Extracted records
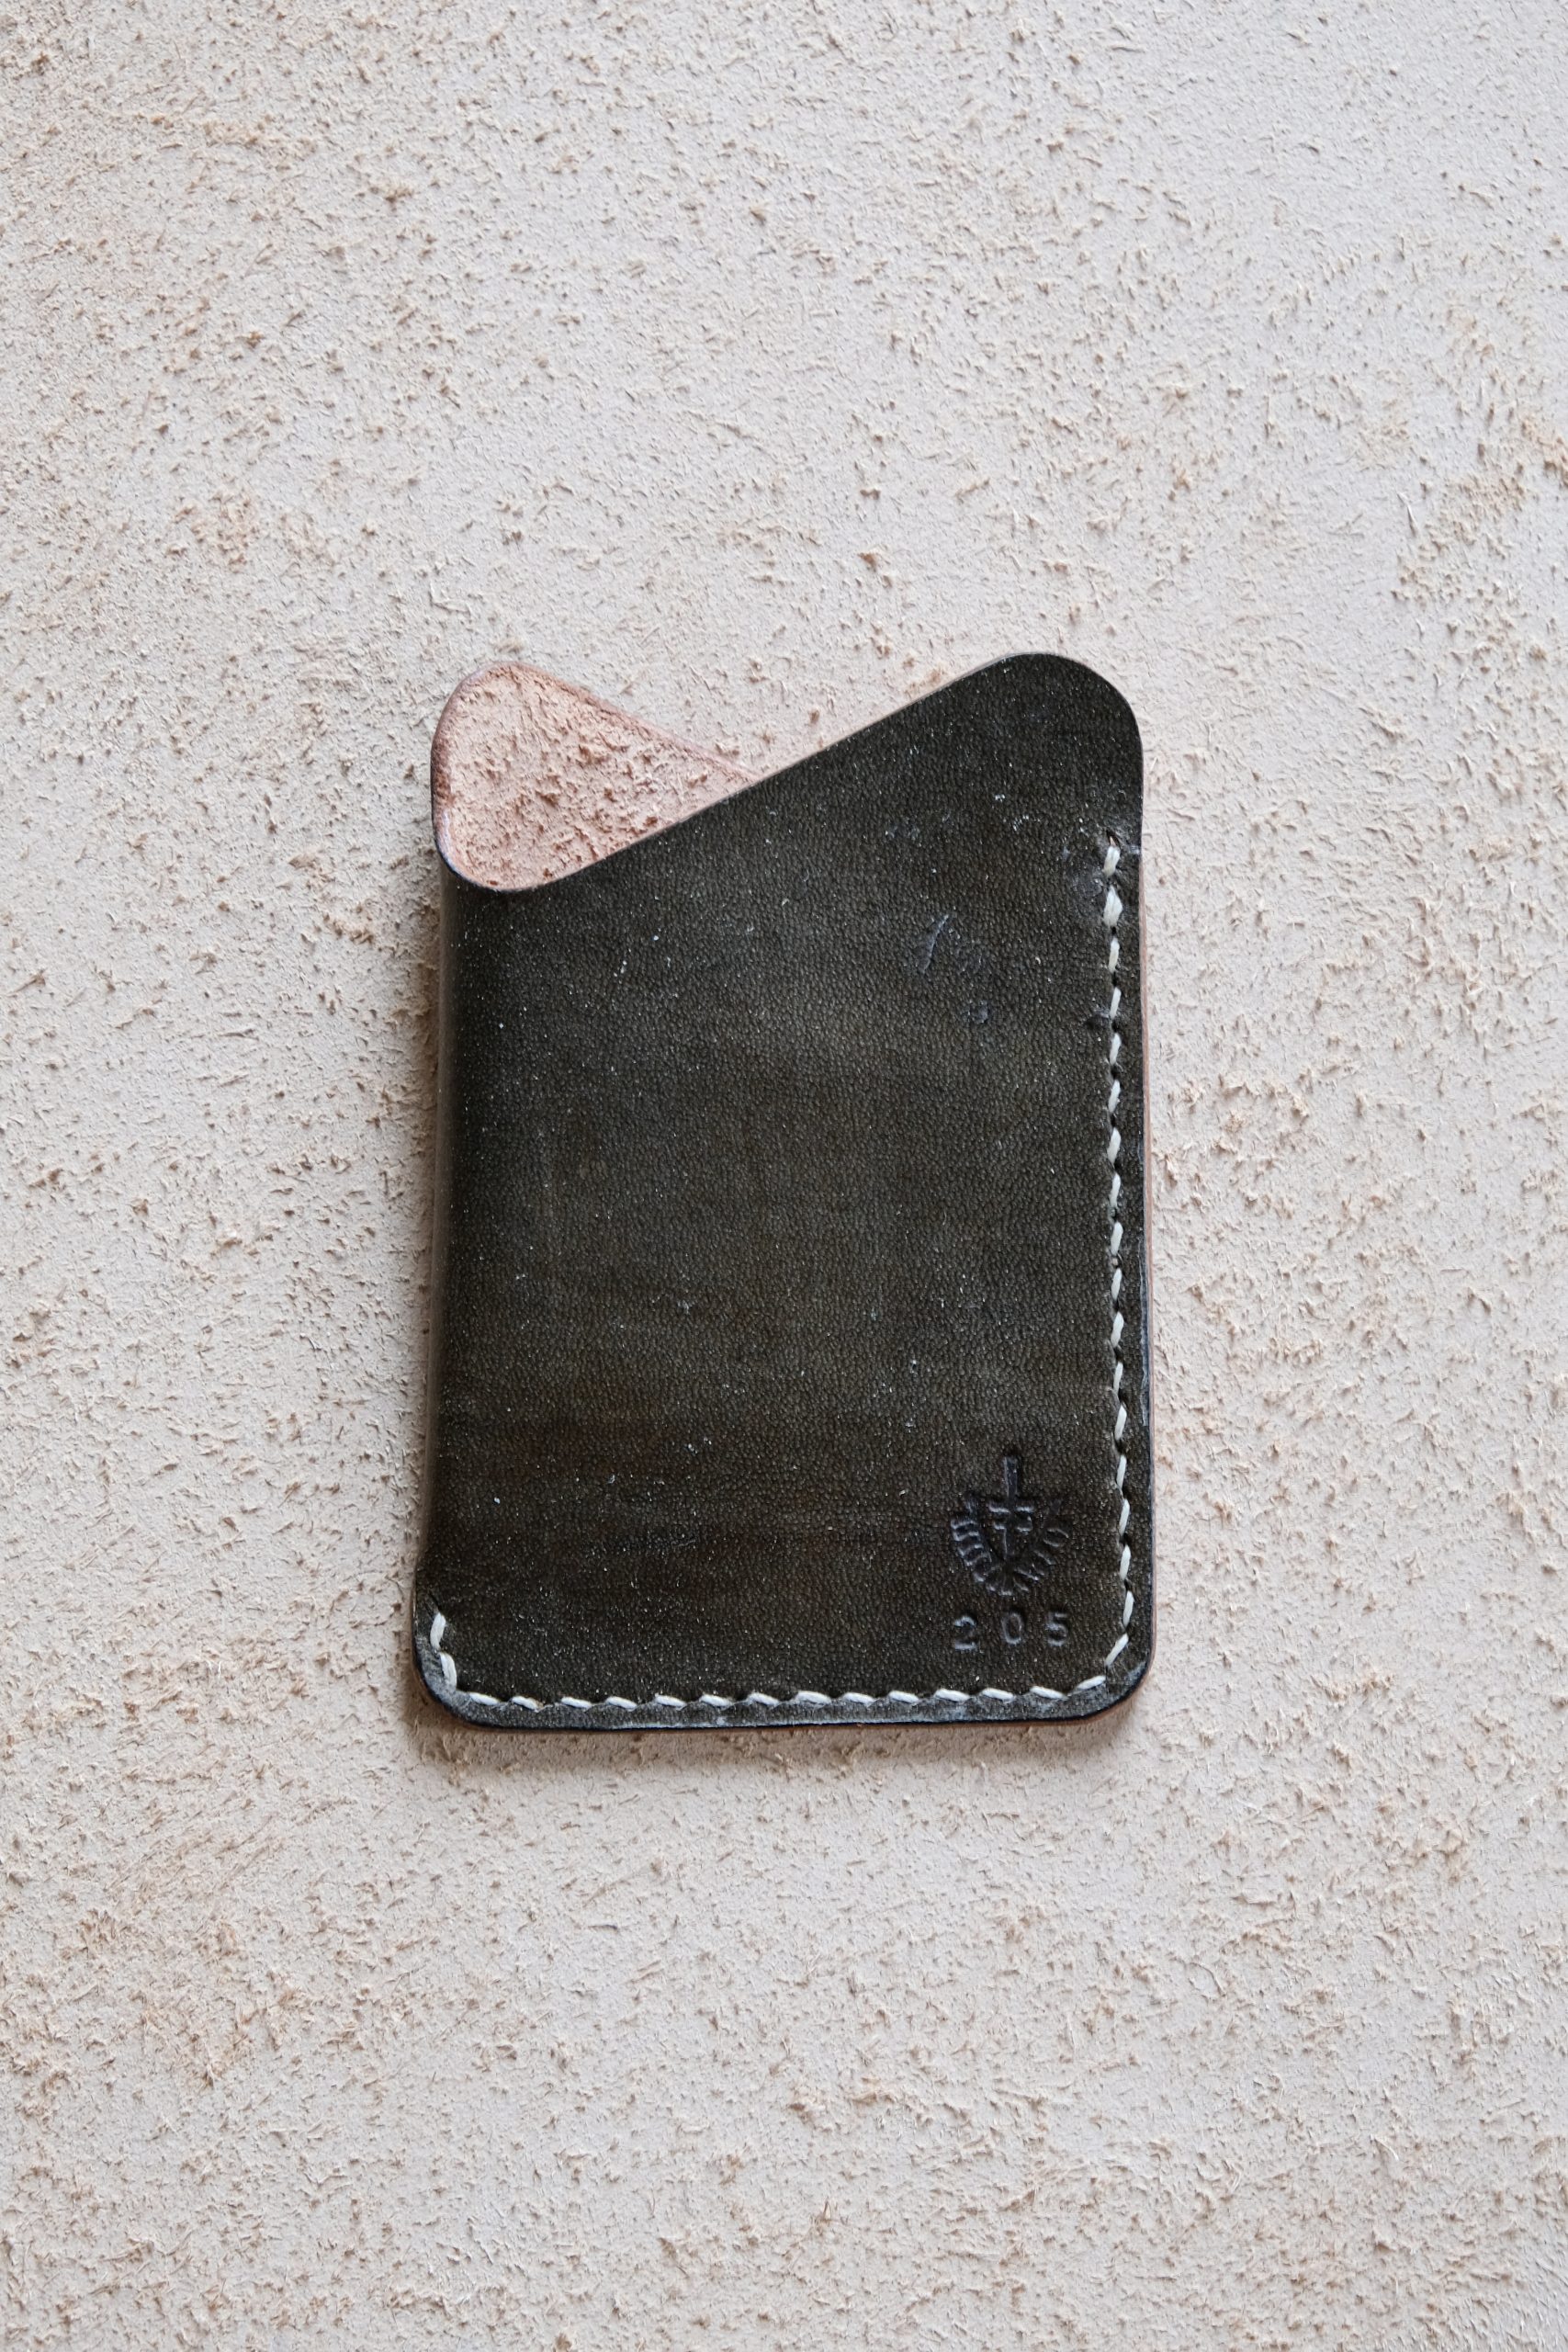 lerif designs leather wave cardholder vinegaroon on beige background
...
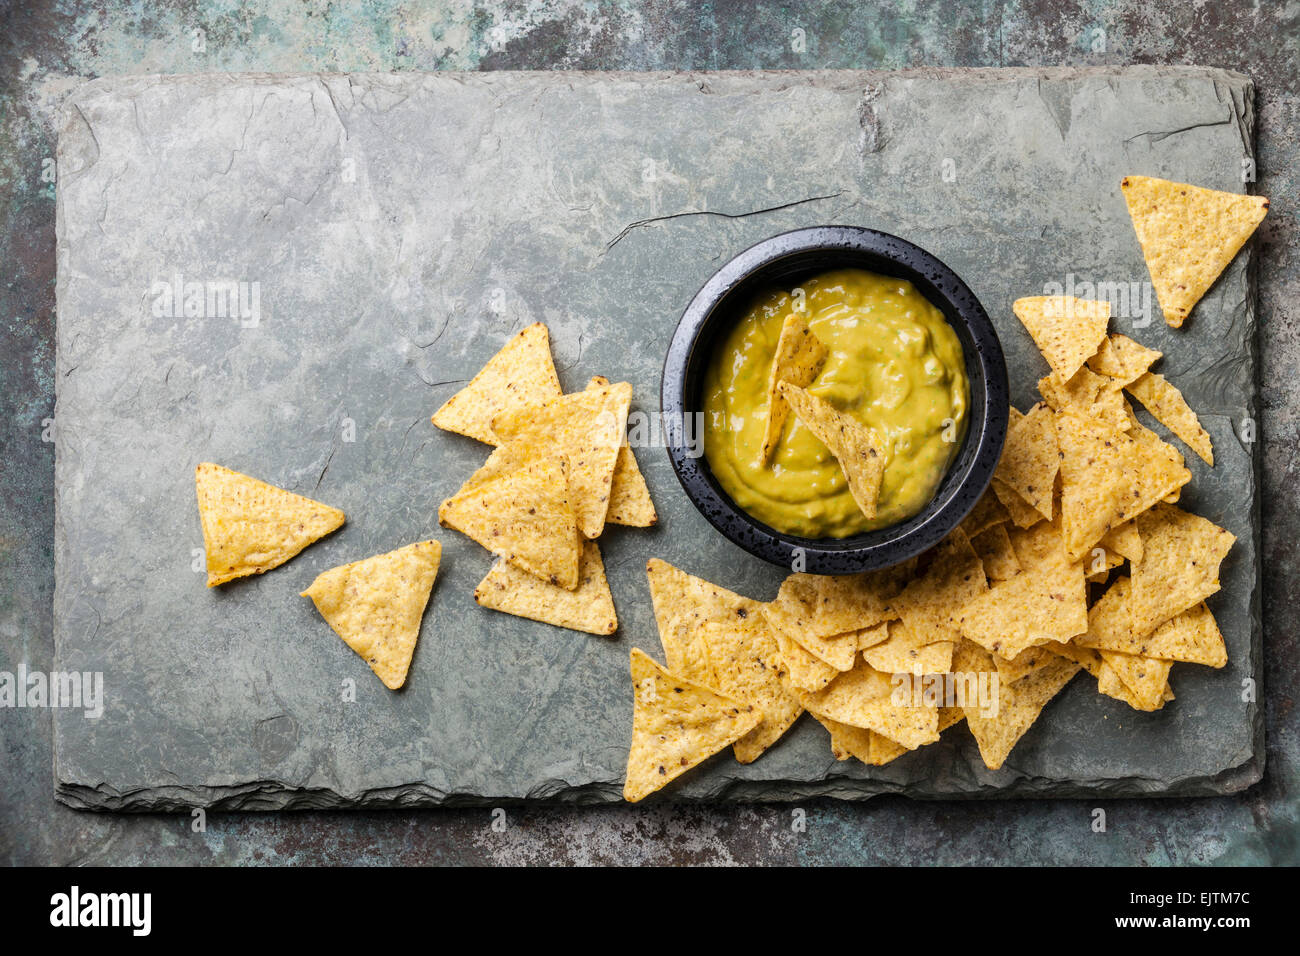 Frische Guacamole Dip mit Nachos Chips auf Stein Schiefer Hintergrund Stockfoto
==
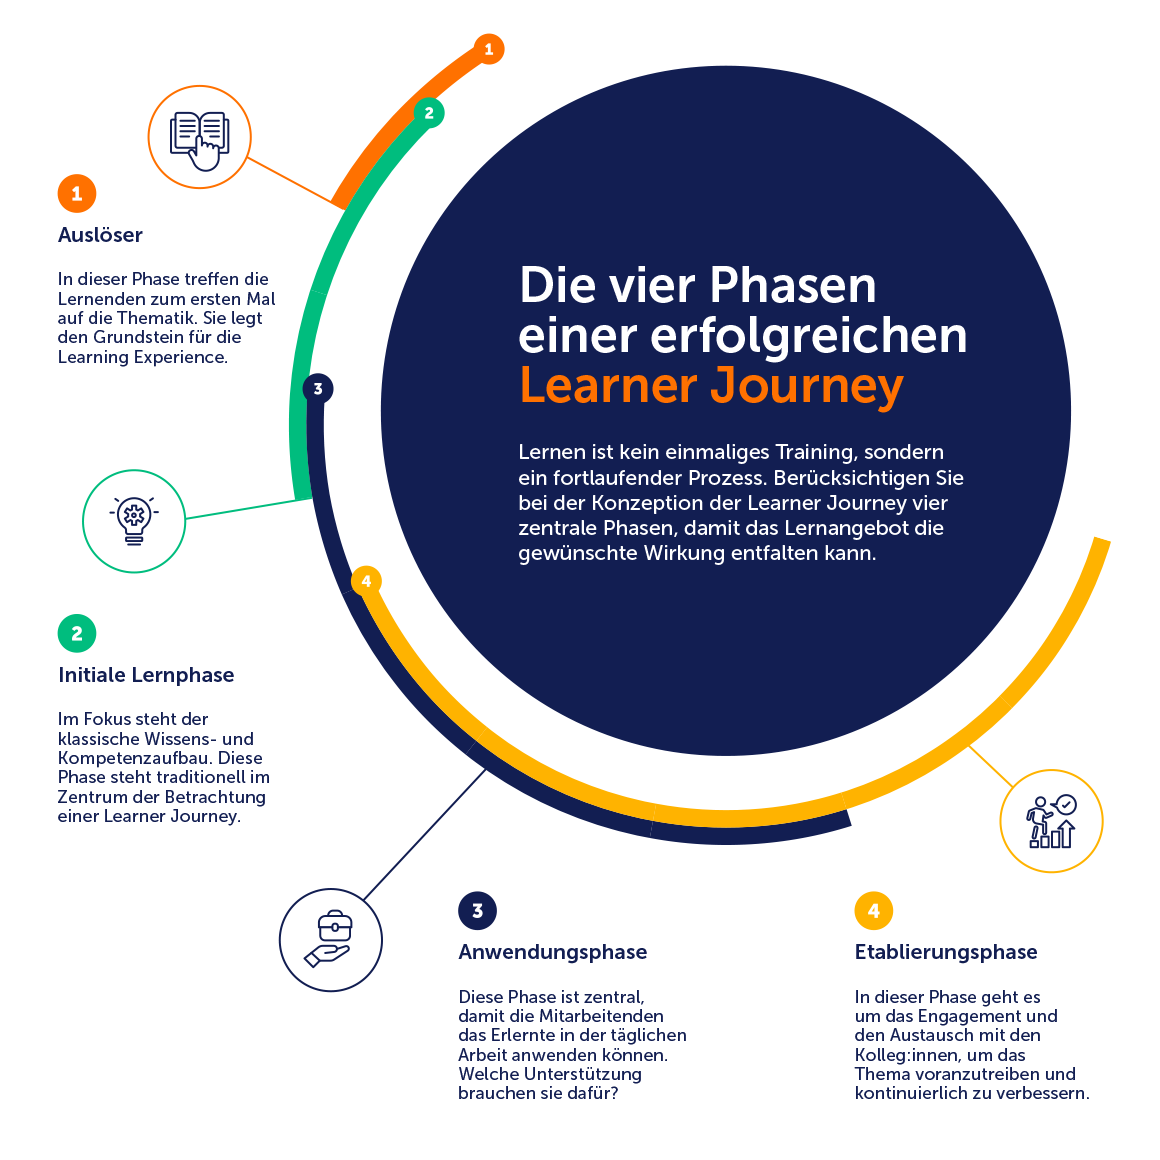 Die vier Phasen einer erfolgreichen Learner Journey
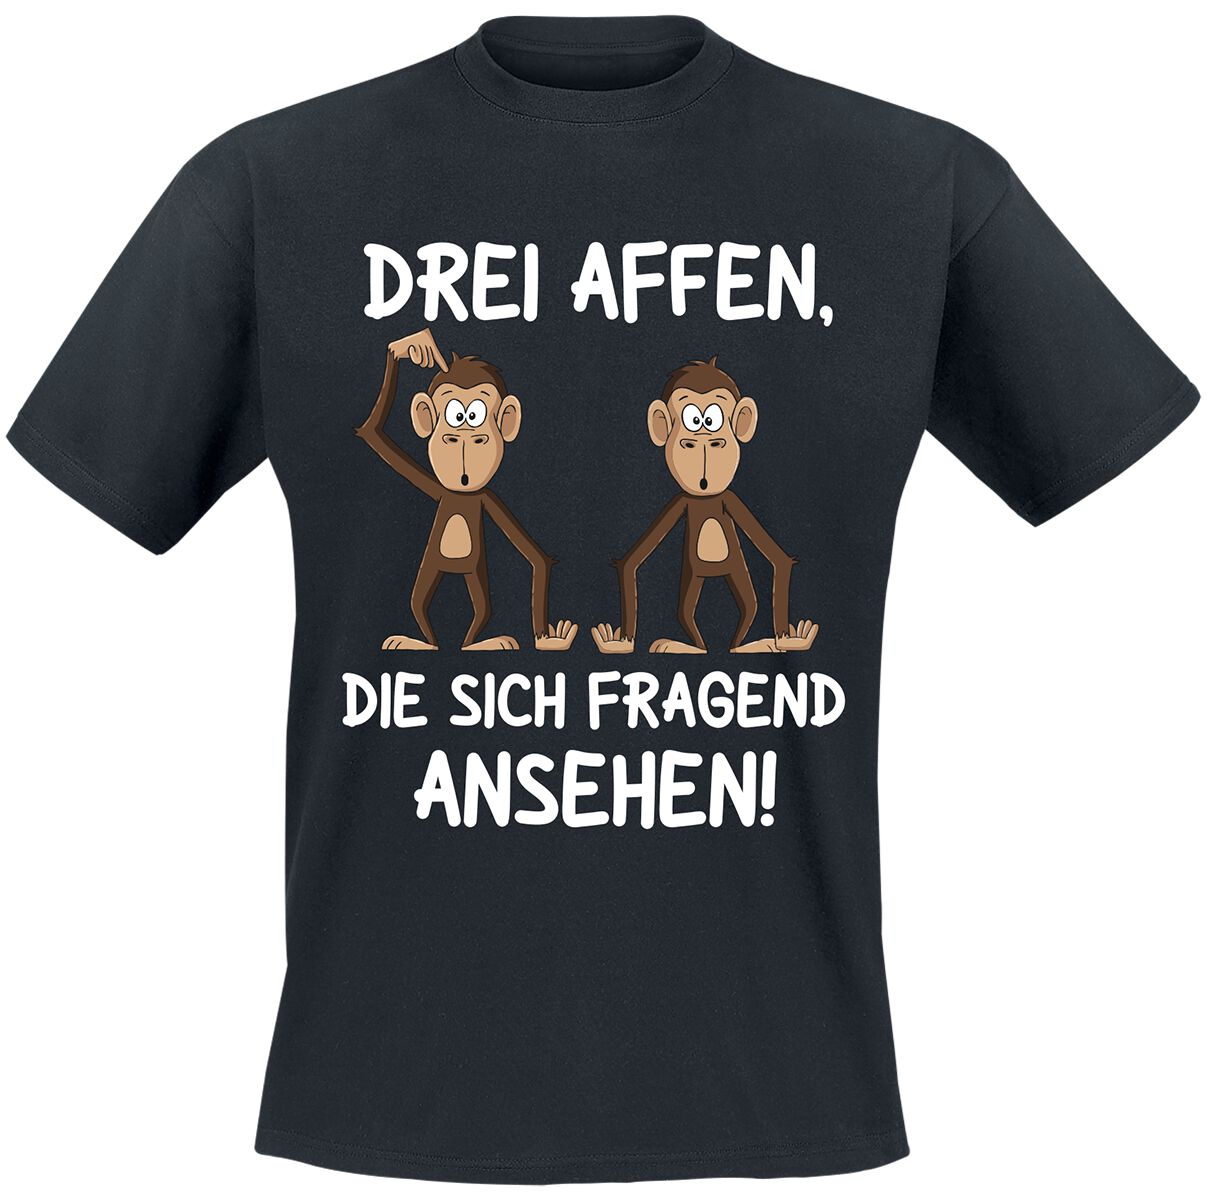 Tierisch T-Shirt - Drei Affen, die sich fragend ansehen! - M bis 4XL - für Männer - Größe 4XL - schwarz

Task goal
In the entries above, every line from the line with "Die vier Phasen" to the line with "Tierisch T-Shirt - Drei" is to be printed exactly, with both ends included and pictures excluded.

Result of this task
 Die vier Phasen einer erfolgreichen Learner Journey
 Tierisch T-Shirt - Drei Affen, die sich fragend ansehen! - M bis 4XL - für Männer - Größe 4XL - schwarz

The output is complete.